No sign of this string anywhere. Only weird stuff. There is definitely some black magic happening here…
The hidden machinery : ld.so
The only way this can be happening is that some instructions are executed before the entrypoint is even reached. You actually probably already know this : your ELF file is not directly executed on its own. Instead, the dynamic loader (ld.so) takes care of loading the shared libraries and missing dependencies. From man ld.so :
The programs
ld.soandld-linux.sofind and load the shared objects (shared libraries) needed by a program, prepare the program to run, and then run it.
ELF files contain a special segment of type p_type = PT_INTERP that contains the path to the program interpreter (or dynamic loader) :
$ readelf -l svartalfheim -W | grep INTERP
INTERP 0x000238 0x0000000000040238 0x0000000000040238 0x00001c 0x00001c R 0x1
$ cat svartalfheim | tail -c +568 | head -c 28 | hexdump -C
00000000 00 2f 6c 69 62 36 34 2f 6c 64 2d 6c 69 6e 75 78 |./lib64/ld-linux|
00000010 2d 78 38 36 2d 36 34 2e 73 6f 2e 32 |-x86-64.so.2|
0000001c
Also, all DYN (shared libraries and PIE executables) and EXEC (non-relocatable binaries) ELF files that use dynamic libraries have a special segment of p_type = PT_DYNAMIC. If sections are present, this segment contains a single section called .dynamic. It contains informations required by the loader to properly work. This is probably where the magic happens, and it might be worth giving it a look. But first, let’s dump all the versions of _ so that we can properly understand what is happening.
_’s history
Dumping all versions
Using ptrace, it is pretty easy to intercept all execve syscalls to save all versions of the code.
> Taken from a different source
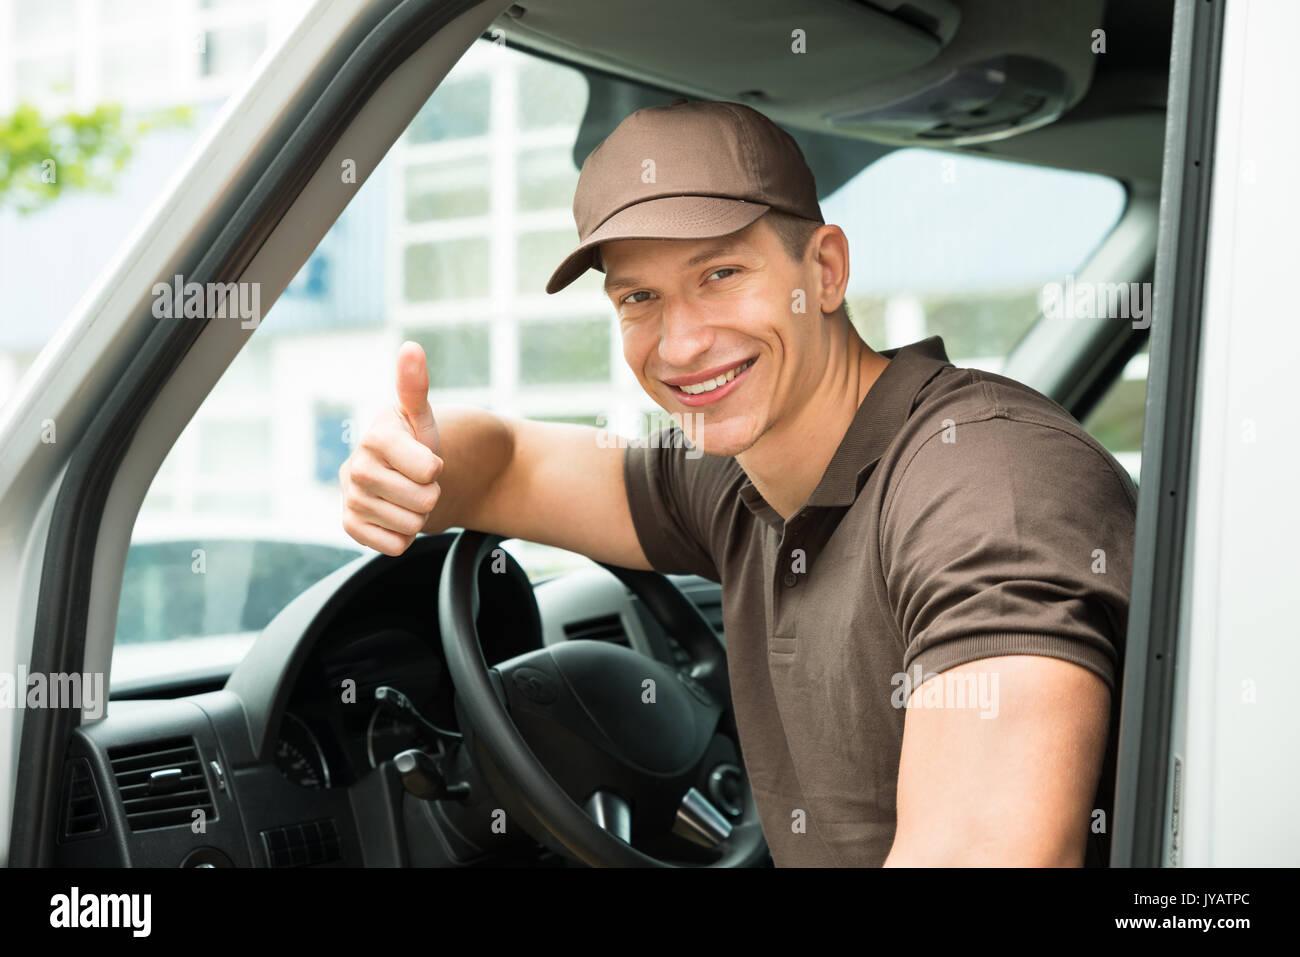 Los jóvenes felices Deliverymen mostrando Pulgar arriba firmar en Van Imagen De Stock

Here is a sample C code that does just that ( + checks there are no duplicates ) :
#include <fcntl.h>
#include <stdio.h>
#include <stdlib.h>
#include <string.h>
#include <sys/ptrace.h>
#include <sys/types.h>
#include <sys/user.h>
#include <sys/wait.h>
#include <syscall.h>
#include <unistd.h>
int intercept_execve(int child, int save) {
int status;
int syscall_nr;
int count = 0;
FILE *current_elf;
FILE *f;
FILE *sha_file;
char content[FILE_LEN];
char filename[64];
char hash[64];
char prev_hash[64];
struct user_regs_struct regs;
while (1) {
// Entering syscall
ptrace(PTRACE_SYSCALL, child, NULL, NULL);
if (!waitpid(child, &status, 0) || WIFEXITED(status))
return 0;
ptrace(PTRACE_GETREGS, child, NULL, ®s);
syscall_nr = regs.orig_rax;
// Execve
if (syscall_nr == 59) {
fprintf(stderr, "execve(%016x, %lld, %lld)", regs.rdi, regs.rsi, regs.rdx);
}
ptrace(PTRACE_SYSCALL, child, NULL, NULL);
if (!waitpid(child, &status, 0) || WIFEXITED(status))
return 0;
// Exiting execve syscall
if (syscall_nr == 59) {
current_elf = fopen("_", "rb");
if (current_elf) {
// Check if duplicate
sha_file = popen("sha256sum _", "r");
fread(hash, 64, 1, sha_file);
fclose(sha_file);
if (memcmp(hash, prev_hash, 64) != 0) {
snprintf(filename, 64, "versions/v%04d", count);
printf("New version : %s\n", filename);
fread(content, FILE_LEN, 1, current_elf);
fclose(current_elf);
f = fopen(filename, "wb");
fwrite(content, FILE_LEN, 1, f);
fclose(f);
memcpy(prev_hash, hash, 64);
count++;
} else {
fclose(current_elf);
}
}
}
}
}
Changes during the first step
Using this code, I managed to find 6793 different versions of the program (without counting the original binary, so 6794 actually). Let’s investigate what is the difference between the first two of them :
$ hexdump -C svartalfheim > hexdumps/0
$ hexdump -C versions/v0000 > hexdumps/1
$ diff hexdumps/0 hexdumps/1
56c56
< 00002040 07 00 00 00 00 00 00 00 e8 21 04 00 00 00 00 00 |.........!......|
---
> 00002040 07 00 00 00 00 00 00 00 30 37 04 00 00 00 00 00 |........07......|
58c58
< 00002060 08 00 00 00 00 00 00 00 30 00 00 00 00 00 00 00 |........0.......|
---
> 00002060 08 00 00 00 00 00 00 00 60 00 00 00 00 00 00 00 |........`.......|
So something is going on in the 0x2000s. In what program header is it ?
$ readelf -l svartalfheim -W
Elf file type is EXEC (Executable file)
Entry point 0x41000
There are 9 program headers, starting at offset 64
Program Headers:
Type Offset VirtAddr PhysAddr FileSiz MemSiz Flg Align
PHDR 0x000040 0x0000000000040040 0x0000000000040040 0x0001f8 0x0001f8 R 0x8
INTERP 0x000238 0x0000000000040238 0x0000000000040238 0x00001c 0x00001c R 0x1
[Requesting program interpreter: /lib64/ld-linux-x86-64.so.2]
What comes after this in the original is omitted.